» Exercise details
Using the records below, write out only the lines from the line containing "Mid-20th Century Italian" up to and including the line containing "Gesetzblatt (GBl.) der", exactly, with no pictures.

(Data)

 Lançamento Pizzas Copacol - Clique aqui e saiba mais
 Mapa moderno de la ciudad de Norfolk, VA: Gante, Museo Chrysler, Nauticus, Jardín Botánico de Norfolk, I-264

(End Data)
(Data)

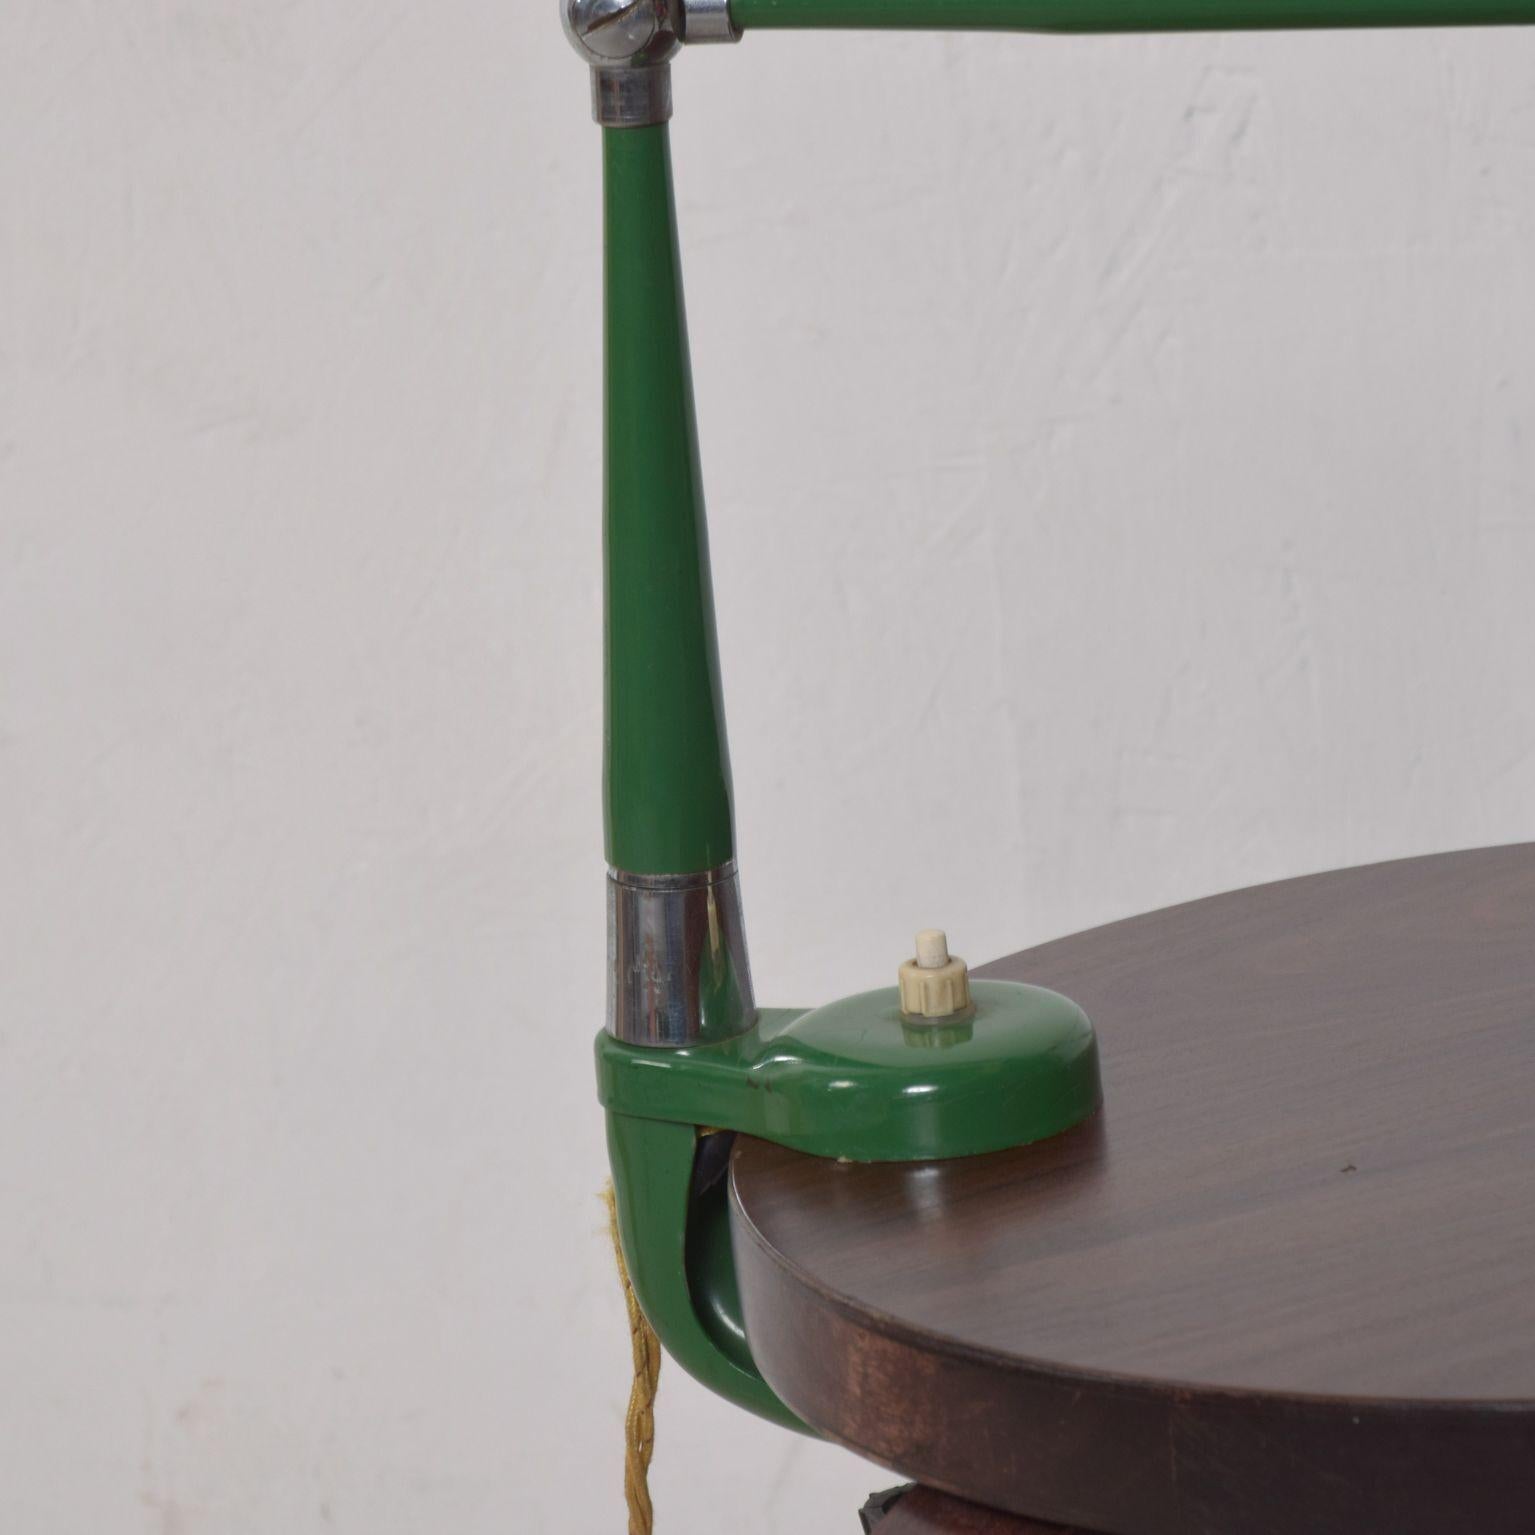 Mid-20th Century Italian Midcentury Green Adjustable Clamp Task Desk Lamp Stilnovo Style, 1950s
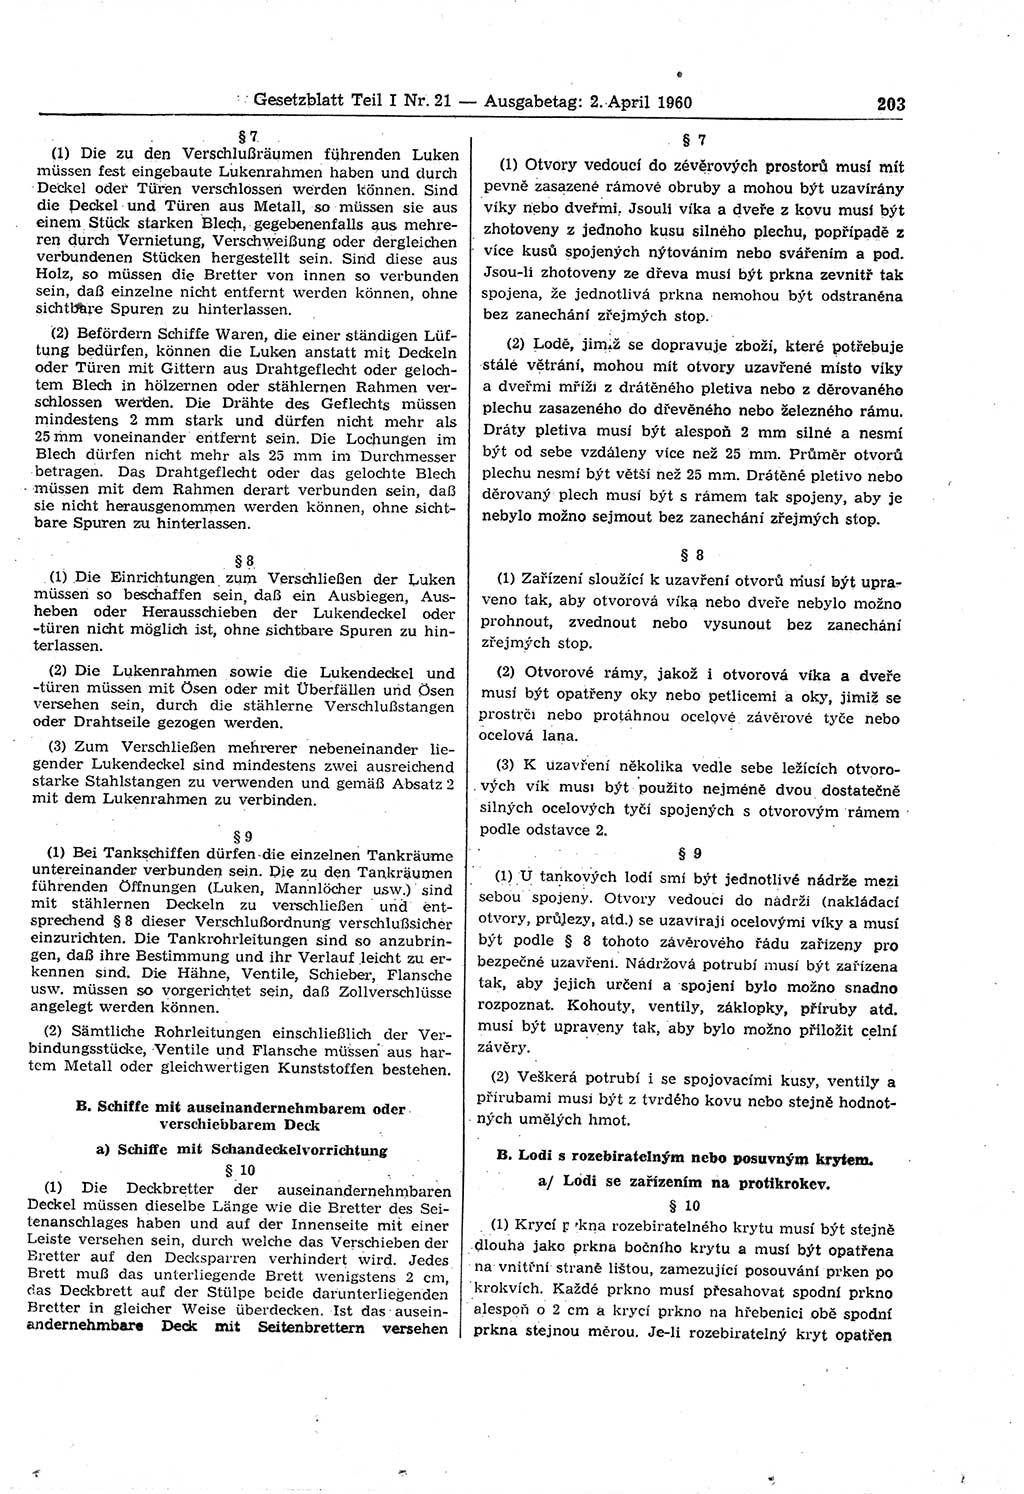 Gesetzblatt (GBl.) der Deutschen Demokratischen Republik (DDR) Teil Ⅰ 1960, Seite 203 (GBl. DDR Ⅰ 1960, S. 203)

(End Data)
(Data)

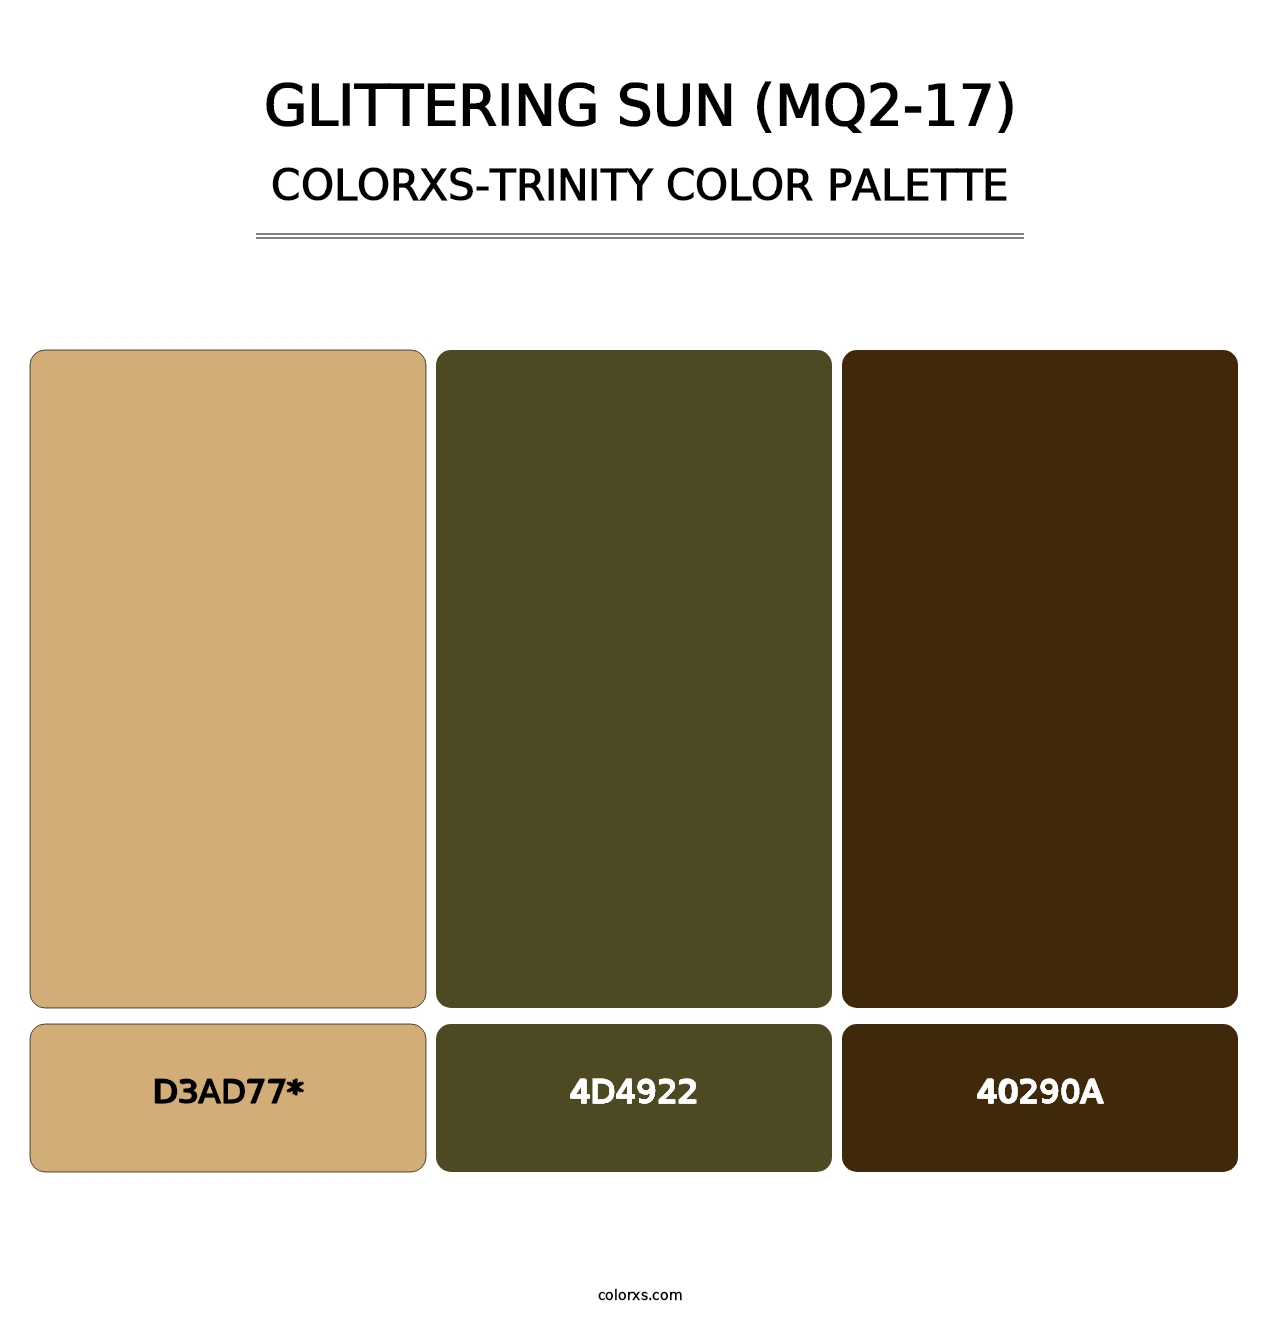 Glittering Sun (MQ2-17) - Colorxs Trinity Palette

(End Data)

» Answer area
 Mid-20th Century Italian Midcentury Green Adjustable Clamp Task Desk Lamp Stilnovo Style, 1950s
 Gesetzblatt (GBl.) der Deutschen Demokratischen Republik (DDR) Teil Ⅰ 1960, Seite 203 (GBl. DDR Ⅰ 1960, S. 203)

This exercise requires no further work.